张鑫将水杯放下,不紧不慢的说:“谁让你这么古板呢,只是运点感冒药罢了,又不犯法,你非得千方百计的拦着。”
路遥脸上闪过一丝了然之色,道:“张鑫你这垃圾,狗改不了吃屎。将感冒药运到国外提炼毒品……咳咳……”
张鑫理了下领带,笑道:“你别血口喷人啊,我可是国际知名企业家。这次回国,‘省招商引资局’还打电话欢迎我呢~”

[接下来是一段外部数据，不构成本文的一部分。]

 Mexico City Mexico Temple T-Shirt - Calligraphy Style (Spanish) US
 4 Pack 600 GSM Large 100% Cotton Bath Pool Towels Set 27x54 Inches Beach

路遥叹了口气,现在的自己什么都做不了,索性闭上眼睛不再说话,安静等待死亡的到来。
但张鑫却不想让眼前饱受病痛折磨、即将离世的表兄走好。他附身靠近,悄悄说道:琇書蛧
“表哥啊~其实呢,我这次回国主要就是见你一面,告诉你一声——你的癌,是我弄出来的~”
路遥陡然挣开眼,“你说什么!”
张鑫笑眯眯的掏出个铅盒打开,里面是件古怪的三角形饰物,仅有巴掌大小,中间是只眼睛似的图案,一看就很有年代感。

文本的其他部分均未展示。